Rheneas smirked. "Funny, I recall you saying that you could do anything. Are you all hot air and no flame, buddy?"
The condescending one shrugged. "Please. I could do this in my sleep if I wanted to. I just think one of you may appreciate the opportunity to prove you are almost as great as me."
Nina frowned. "Not me, that sofa is too clean! I wish you guys hadn't sprayed it with air freshener! Seriously, now I can't be the pilot anymore!"
Donny facepalmed. "Are you kidding me, Nina?!"
The messy girl grinned. "Nope! I'm a stinky girl! Hey, wanna smell my armpits again?!"
Before the short dude could retort, Nina lifted her arms, allowing Donny to catch a whiff of the stank. He then proceeded to run over to a nearby shrub and puke in it.
Imanda's eyes widened. "Donny, are you alright?"
After a few more sickly seconds, Donny violently shook his head and came back to the group. "Ugh, Nina is sick! ...But as for pilots, I think I could give it a go."
The girl scout nodded. "That sounds good to me. I don't think I'm ready to earn my 'pilot a flying machine' badge yet."
Donny scratched his head. "Honestly, what badges doesn't your scout troop have?"
Imanda shrugged. "We don't have one for 'puking because of a skunk.'"
The short dude responded by harshly glaring at the girl scout, which caused her to blush and give him a sheepish grin.
(Confessional: It could also be vomiting, throwing up, losing your lunch, I could go all day, honestly.)
Donny: (angry) Shut up! Shut up! Shut up!
Imanda: There also isn't a badge for painting a dictionary.
Jill: (rolls her eyes) Uh huh. Because knot tying is worth a reward, but puking? No chance. I will never understand girl scouts.
In an attempt to defuse the tension between Imanda and Donny, Max quickly added, "So, it's settled, then: Donny is our pilot. I feel that we can at least nab second place, but we shouldn't get overconfident because something may go wrong. Yeah, my party in D&D got defeated by low level wizards more than once. Those status effects are nasty!"
Lankston smirked. "Relax, so as long as I'm on this team we'll never lose."
Rheneas groaned. "Oh, shut up, dude. You're worse than a stray spark of massive heat from a campfire!"
Fripp grinned. "No, Lanky's right!"
The condescending one just about lost it there. "It's Lankston, you braindead, simpering, childish, pathetic moron! Lankston! Lankston! Get it right!"
The pyromaniac stepped in. "Fripp, Lankston is right."
This caused Lankston to calm down quickly. "Ah, thank you, Rheneas. It's good to see someone has a brain."
Rheneas smirked. "Absolutely. You aren't lanky at all, man. But you are short."
Lankston fumed while the others laughed, even Donny, causing Lankston to angrily ask, "Hey, why the hell are you laughing?"

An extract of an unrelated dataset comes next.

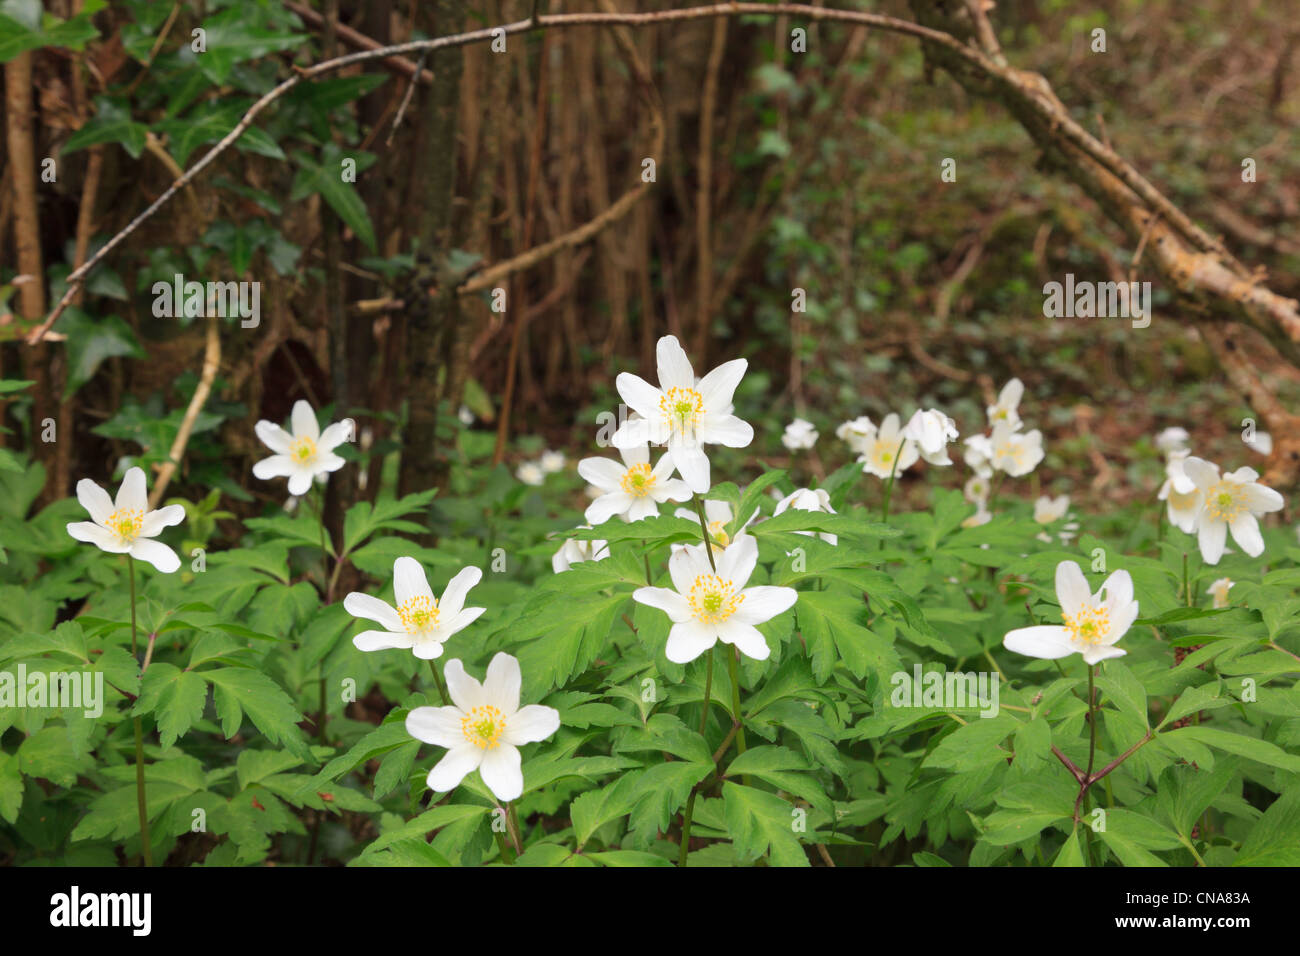 Primo piano di anemoni di legno Anemone nemorosa fiori selvatici fioriti in primavera in un bosco a pezzetti. Anglesey Galles del Nord, Regno Unito. Foto Stock

The short dude smirked. "Short jokes are fine when they aren't aimed at me or other dwarfs."
The condescending one was about to lose it again, but instead, he smirked, walked over to Nina, and said, "Hey, Nina. I think Donny could use a hug. Don't you?"
This caused the messy girl to grin and run towards Donny while saying, "Give me a hug, Donny!"
The short dude proceeded to scream and run away.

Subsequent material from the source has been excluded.